I read an article a while back by Sara Groves....and it's one that I mentally refer back to often because I love the point the author was making. She explained a scene from the movie "Dances with Wolves" where the Sioux Indians are preparing for a buffalo hunt. Apparently they hadnt seen buffalo in a while and Kevin Costner's character tips them off to where some can be found. So they spend time preparing for the hunt....dancing, dressing, preparing horses and hunting supplies. Then the next morning they go to where they expect to see hundreds of buffalo, and instead find hundreds of buffalo carcasses strewn across the prairie.

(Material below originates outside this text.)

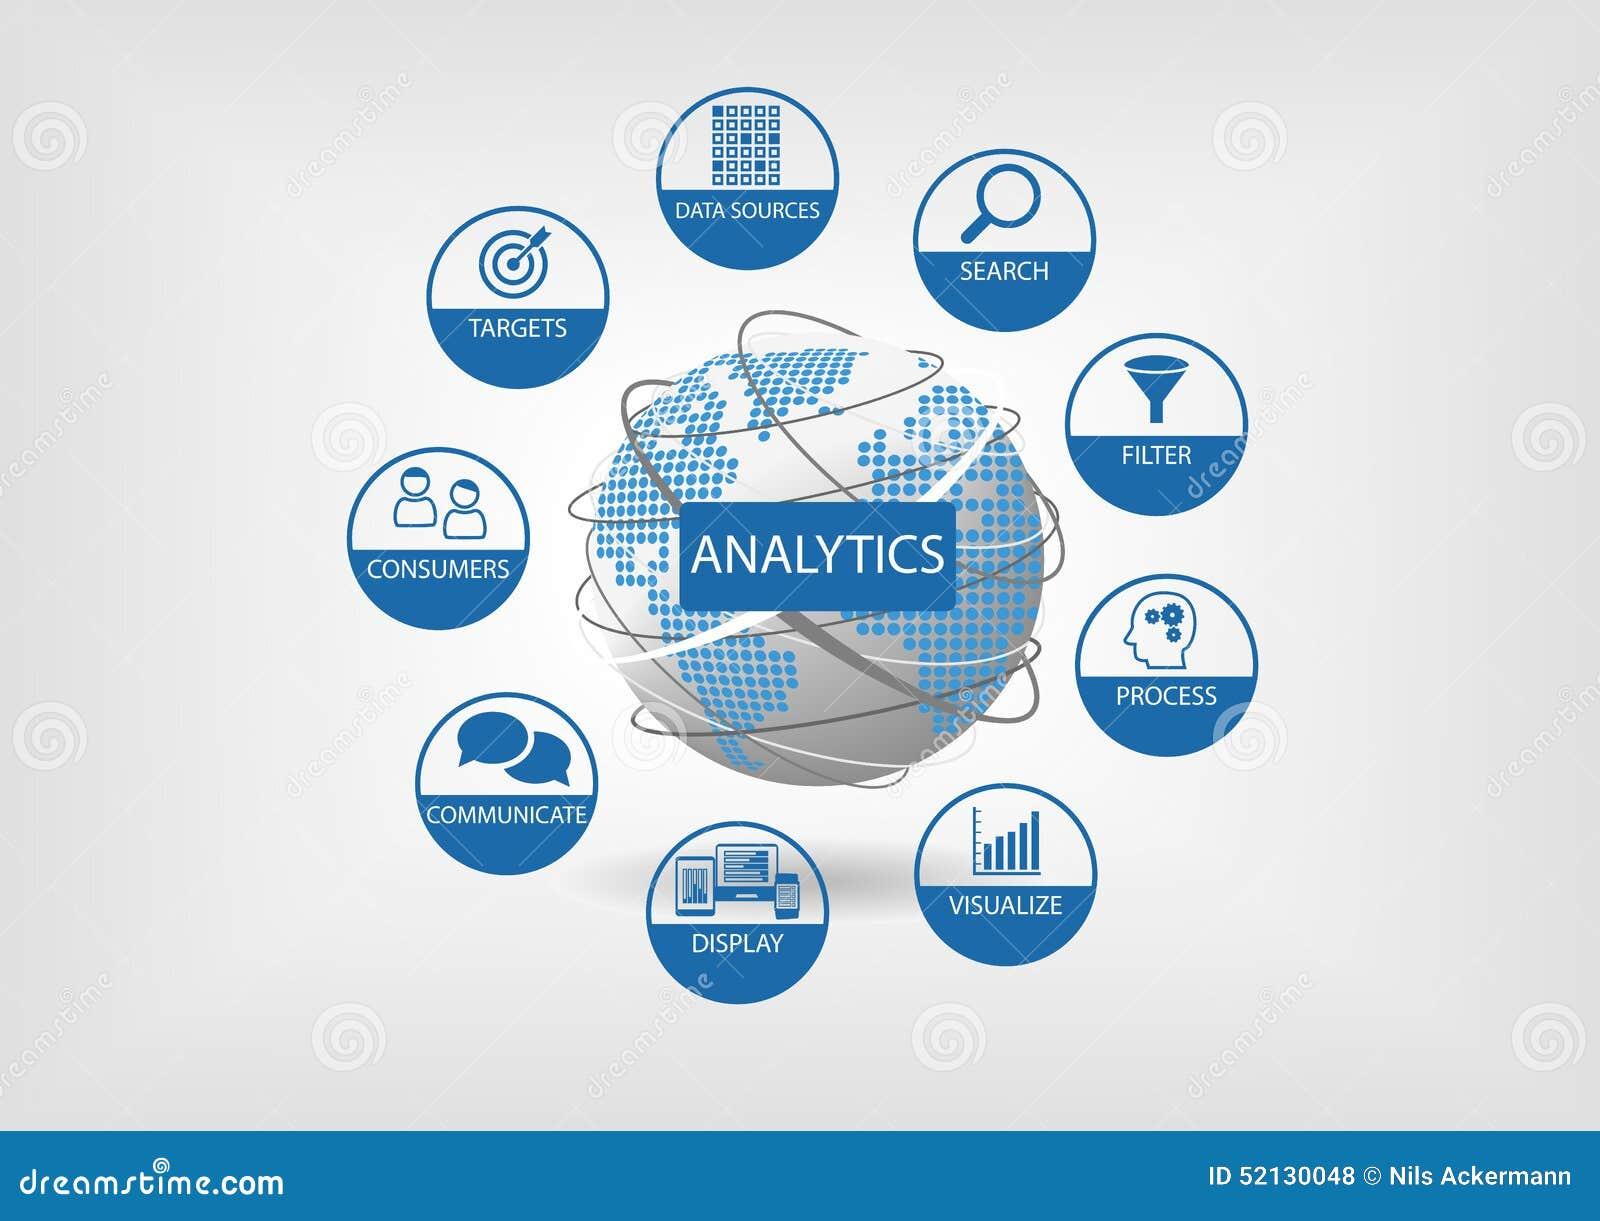 epub Automotive informatics and
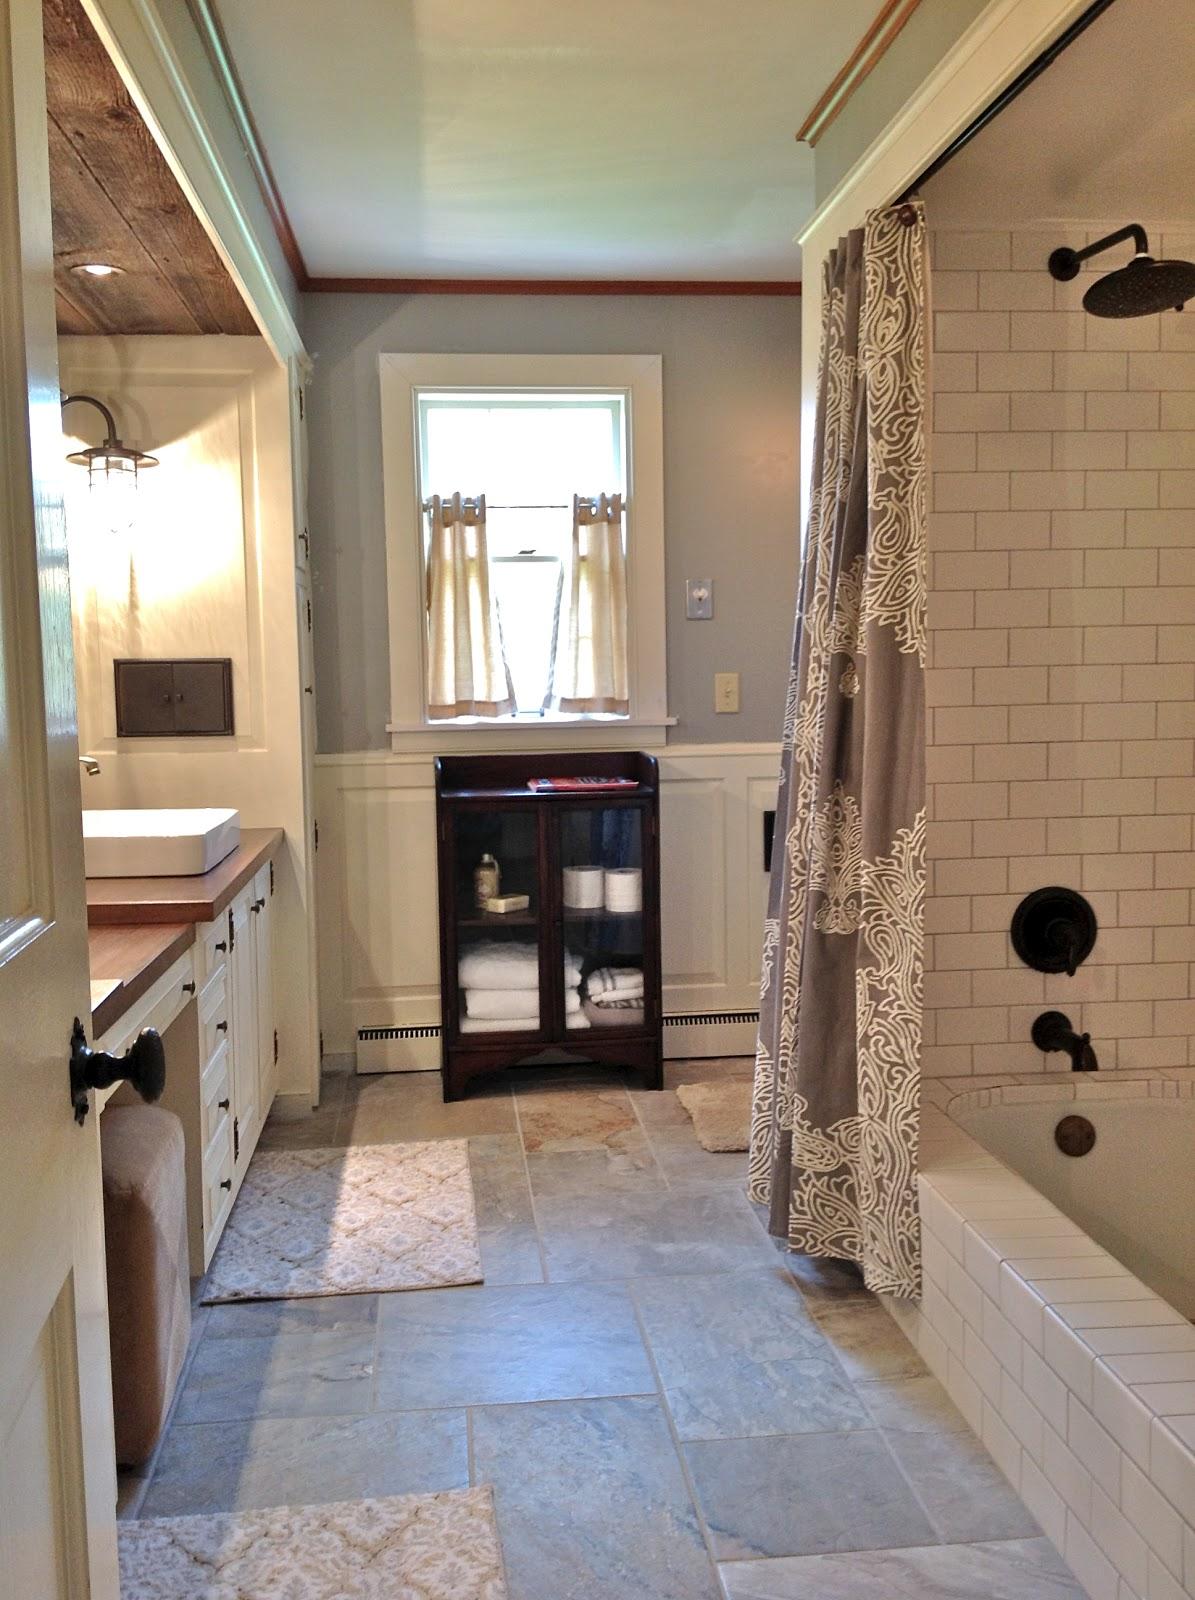 route 2 rural: Farmhouse Bathroom Remodel -- Done! on Farmhouse Shower Ideas  id=64337

The author continued to talk about how in the Sioux culture they made use of every part of the buffalo and nothing was wasted..the bladder carried water, the bones made tools, the skin made clothing. Whoever had done this had taken the best part for themselves and left the rest to rot. The Sioux did not have time to make good use of the dead buffalo so it was impossible to redeem.
She then goes on to point out her own realization that she was not using all of her spiritual buffalo. We live in a society of consumption and aquisition and most of our spiritual resources are for us to develop our spiritual maturity and to help push us to deeper depths. But the question she poses to herself is that is she just taking the best parts of the buffalo for herself? Was her spiritual life just one of consumption and aquisition?

I love this analogy. I think it's something we could all plea guilty to at some point. I know I can. And it made me ask myself those very questions....am I just taking the best parts for myself? Am I using all of my spiritual buffalo? Am I joining Him in the work that he has created me to do...or am I just being a spiritual glutton on the resources he has blessed me with? Am I being poured out as an offering? What am I not tapping into to make good use of my life?

This analogy always serves as a good reminder to me and when he brings it to my thoughts all I can do is beg and plead that he would continue to teach me how to use all he has given me to do the work he has prepared and created me to do.